The task
Retype the data that follows exactly. No pictures belong in the copy.
==== Data shown ====
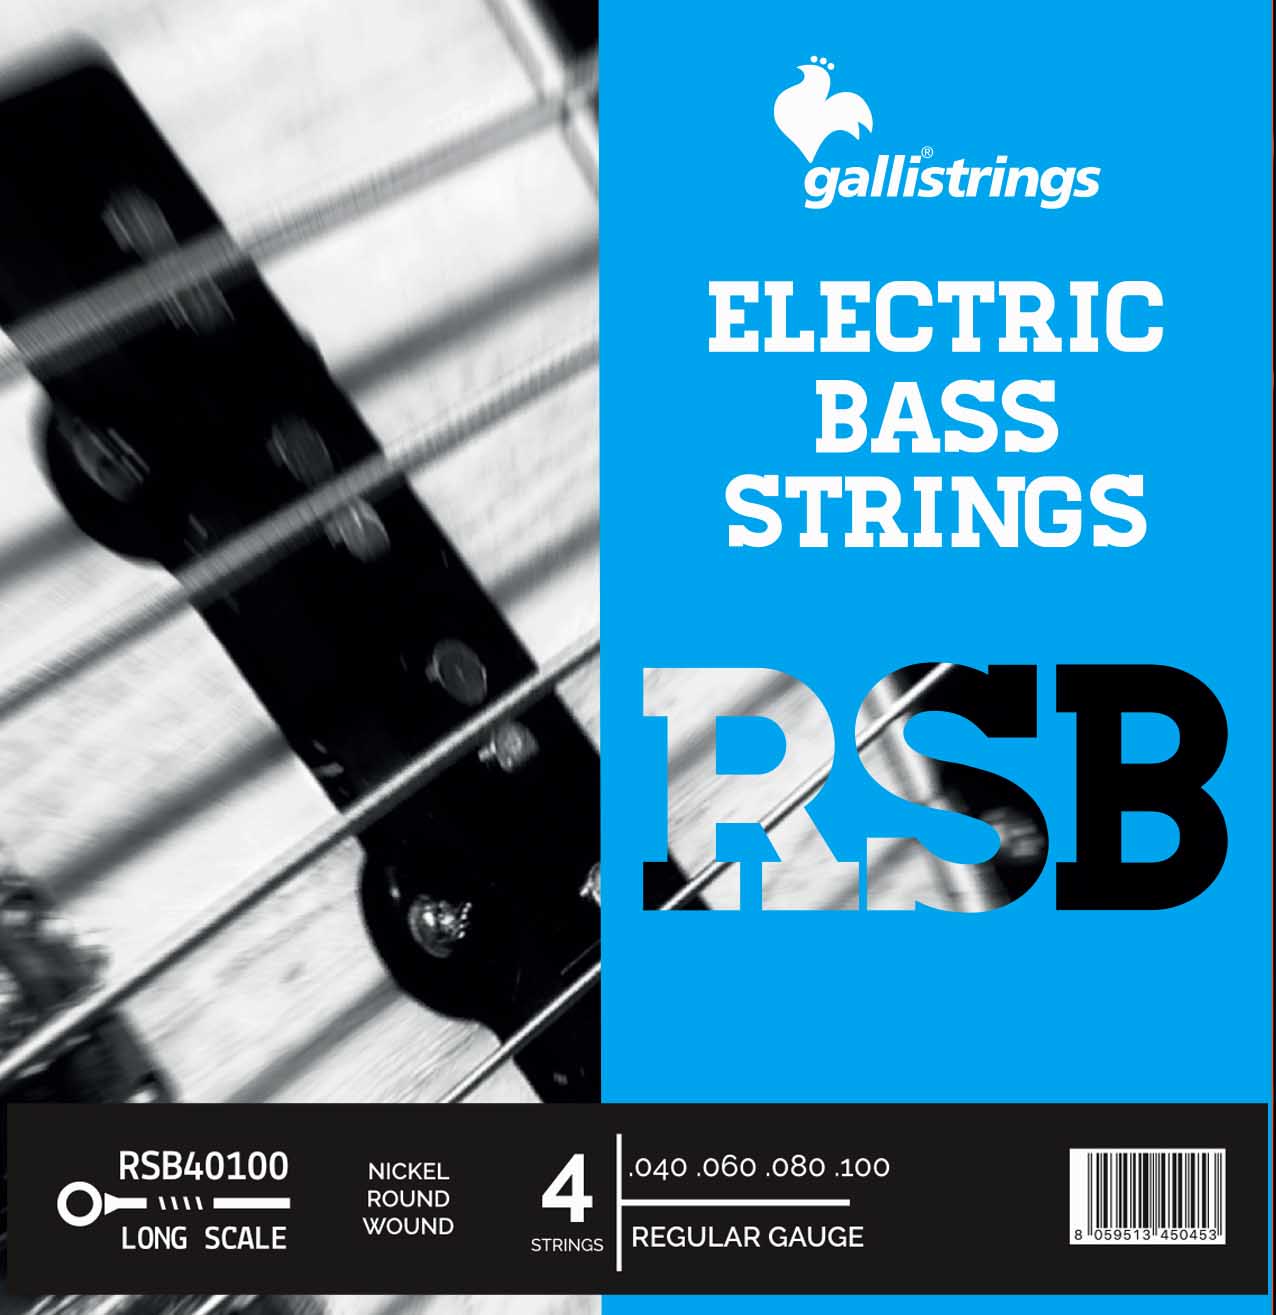 RSB40100 4 strings Regular
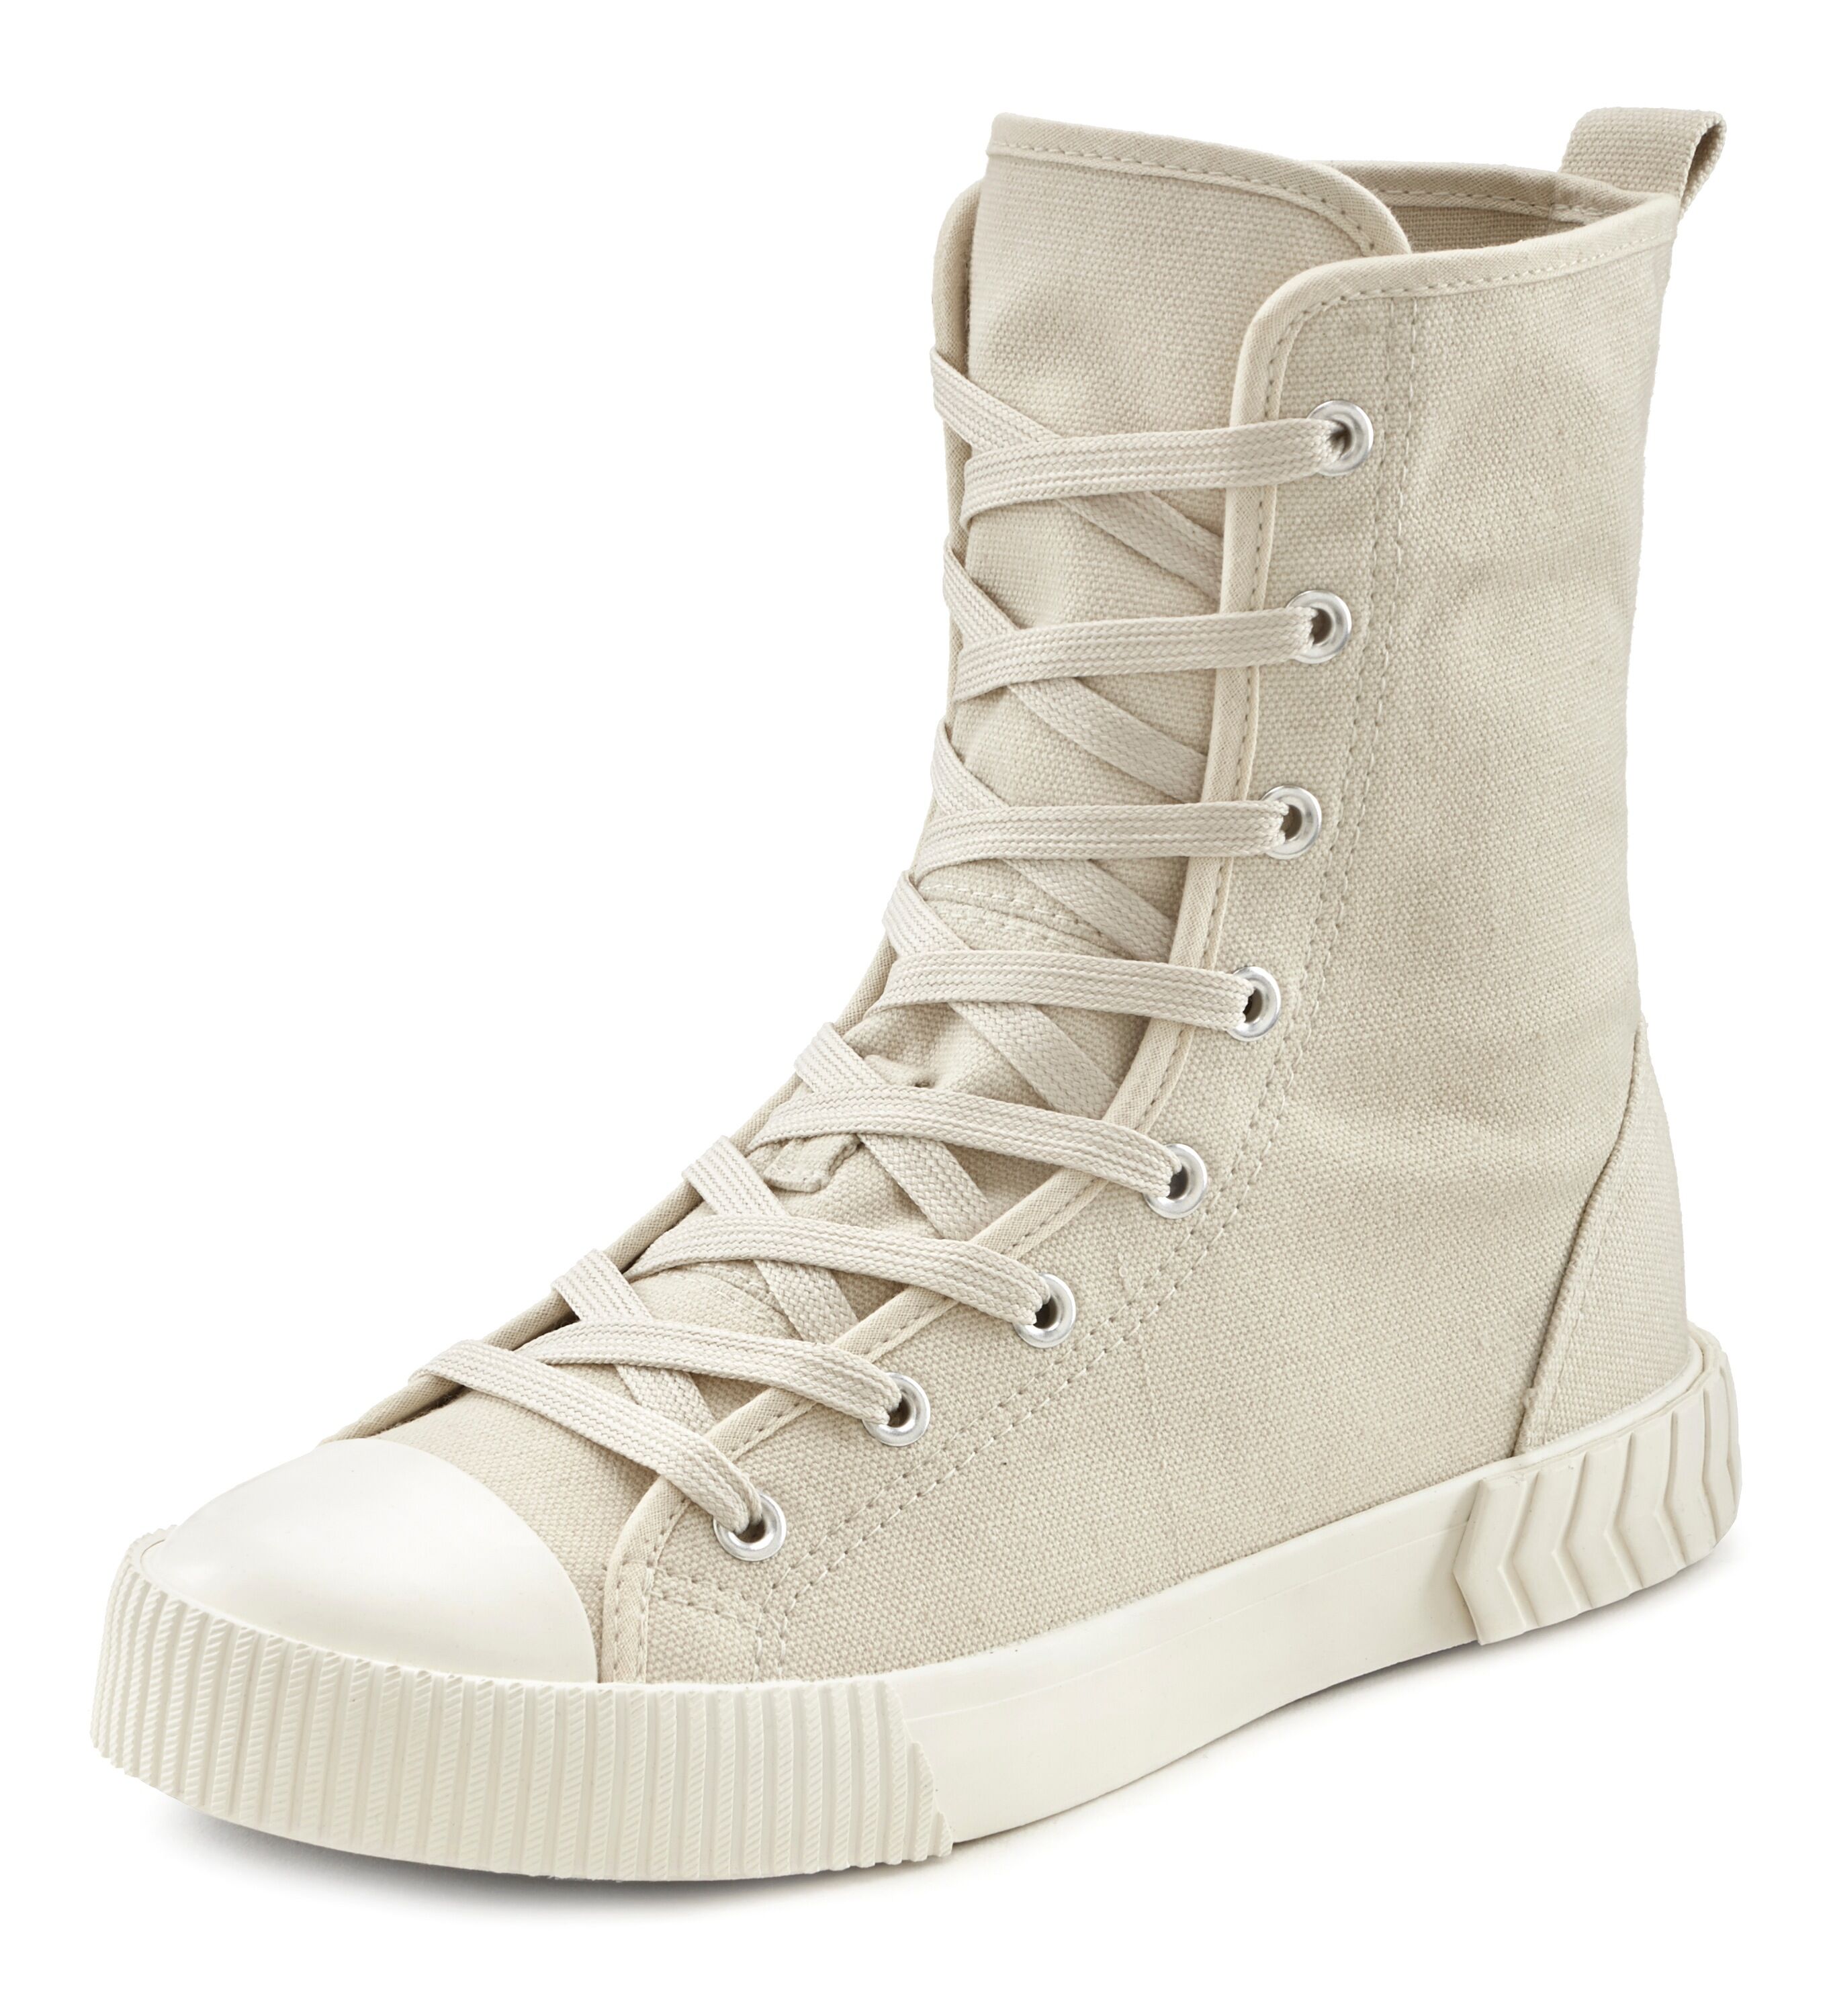 LASCANA Stiefelette, High Top Sneaker aus Textil im trendigen Combat Look beige  36 37 38 39 40 41 42 43
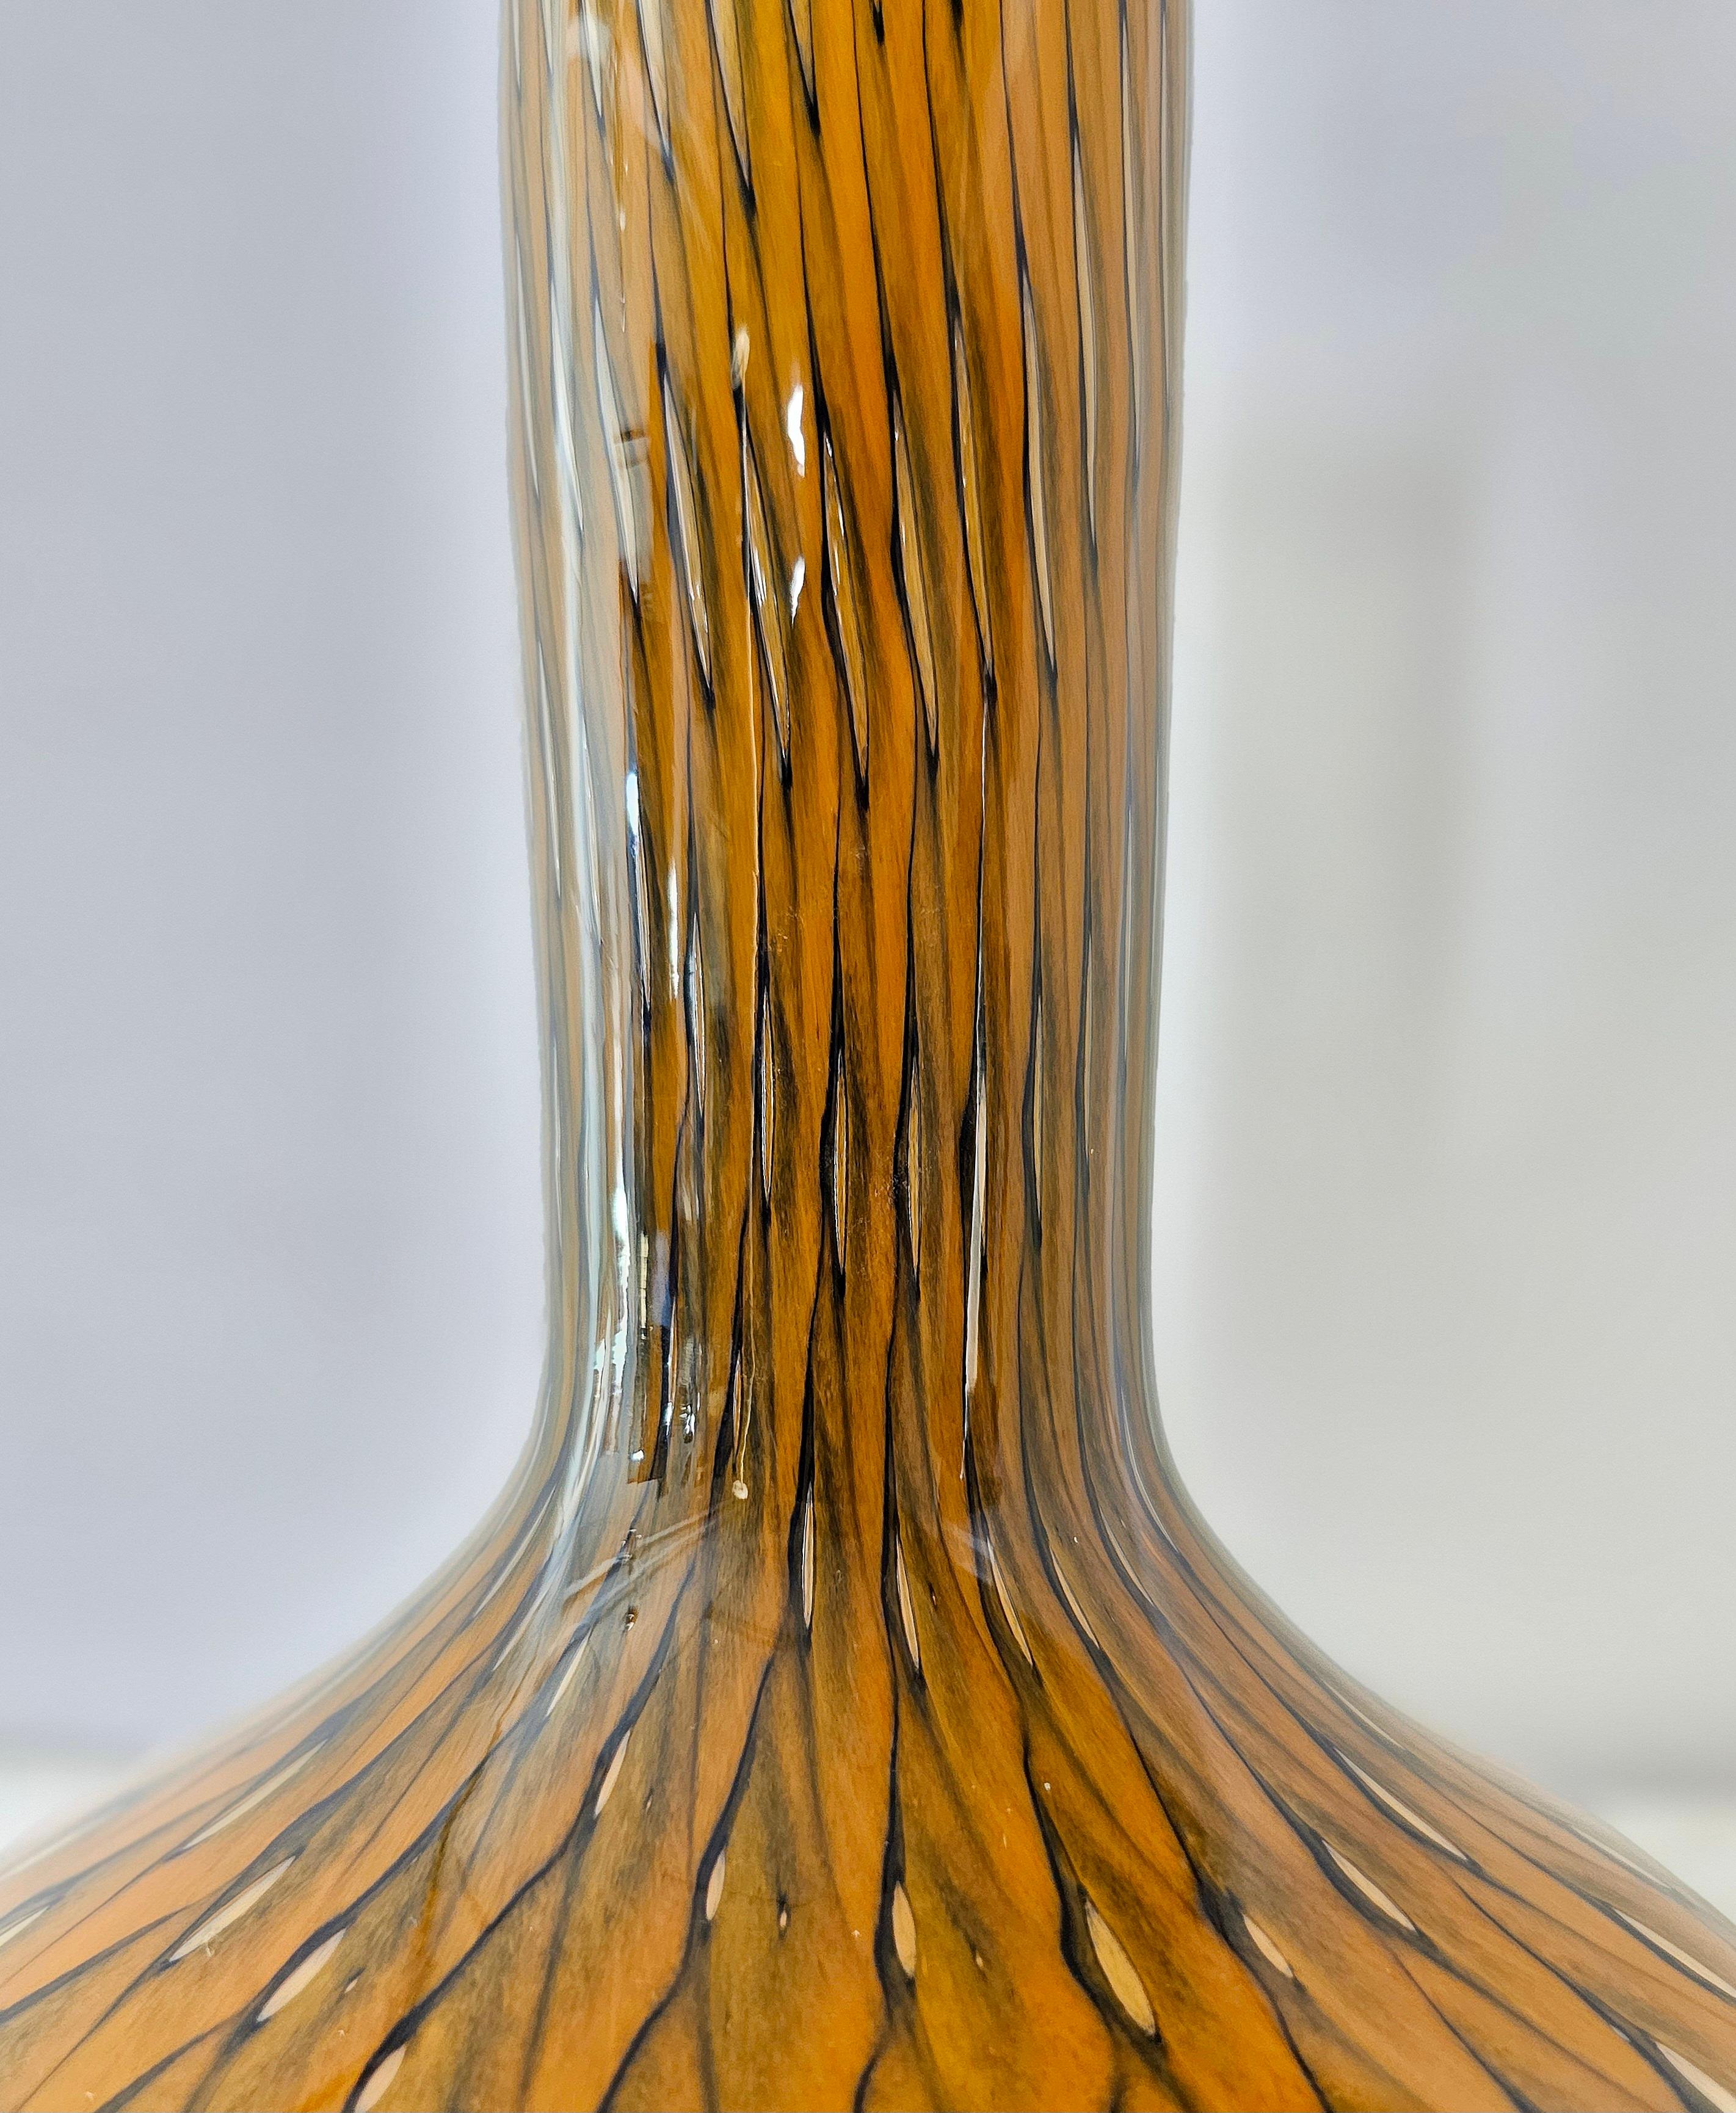 Vase Decorative Object Murano Glass Decorated Midcentury Italian Design 1970s For Sale 3
====
Final answer
 RSB40100 4 strings Regular
 LASCANA Stiefelette, High Top Sneaker aus Textil im trendigen Combat Look beige  36 37 38 39 40 41 42 43
 Vase Decorative Object Murano Glass Decorated Midcentury Italian Design 1970s For Sale 3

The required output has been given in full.